Another idea would be to use a JavaScript parser and locate a variable declaration node, check the identifier to be of a desired value and extract the initializer. Example using slimit parser:

from bs4 import BeautifulSoup
from slimit import ast
from slimit.parser import Parser
from slimit.visitors import nodevisitor


data = """
<script>
var my = 'hello';
var name = 'hi';
var is = 'halo';
</script>
"""

soup = BeautifulSoup(data, "html.parser")

script = soup.find("script", text=lambda text: text and "var my" in text)

# parse js
parser = Parser()
tree = parser.parse(script.text)
for node in nodevisitor.visit(tree):
    if isinstance(node, ast.VarDecl) and node.identifier.value == 'my':
        print(node.initializer.value)

Prints hello.

alecxe
  • 462,703
  • 120
  • 1,088
  • 1,195
0

the answer, pattern = re.compile(r"var my = '(.*?)';$", re.MULTILINE | re.DOTALL) should get a wrong way, have to remove the line-end sign $ when set re.MULTILINE re.DOTALL at same time.

try with python 3.6.4

J.Z
  • 927
  • 6
  • 4
0

Building on @alecxe's answer, but considering a more complex case of an array of dictionaries - or an array of flat json objects:

from bs4 import BeautifulSoup
from slimit import ast
from slimit.parser import Parser
from slimit.visitors import nodevisitor


data = """
<script>
var my = [{'dic1key1':1}, {'dic2key1':1}];
var name = 'hi';
var is = 'halo';
</script>
"""

soup = BeautifulSoup(data, "html.parser")

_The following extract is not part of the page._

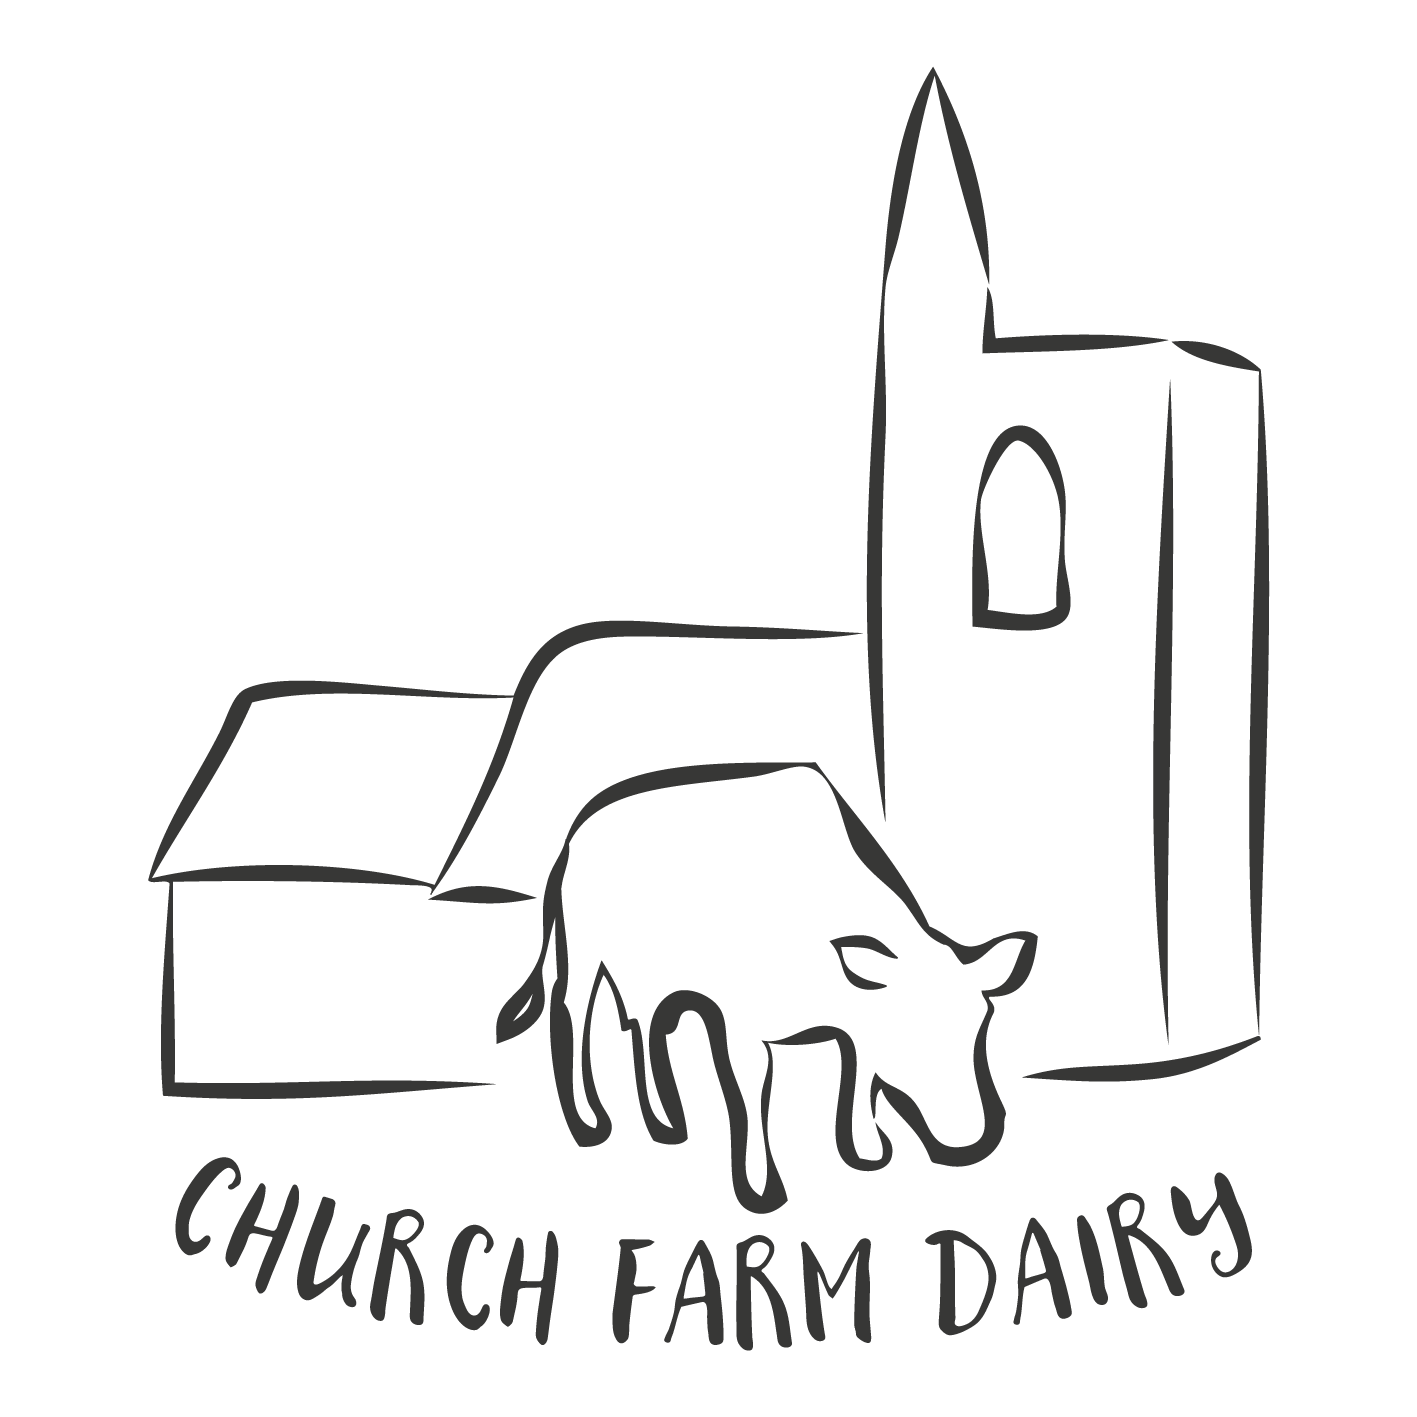 Church Farm Dairy

script = soup.find("script", text=lambda text: text and "var my" in text)

# parse js
parser = Parser()
tree = parser.parse(script.text)
array_items = []
for node in nodevisitor.visit(tree):
    if isinstance(node, ast.VarDecl) and node.identifier.value == 'my':
        for item in node.initializer.items:
            parsed_dict = {getattr(n.left, 'value', '')[1:-1]: getattr(n.right, 'value', '')[1:-1]
                for n in nodevisitor.visit(item)
                if isinstance(n, slimit.ast.Assign)}
        array_items.append(parsed_dict)
print(array_items)
Joey Baruch
  • 4,180
  • 6
  • 34
  • 48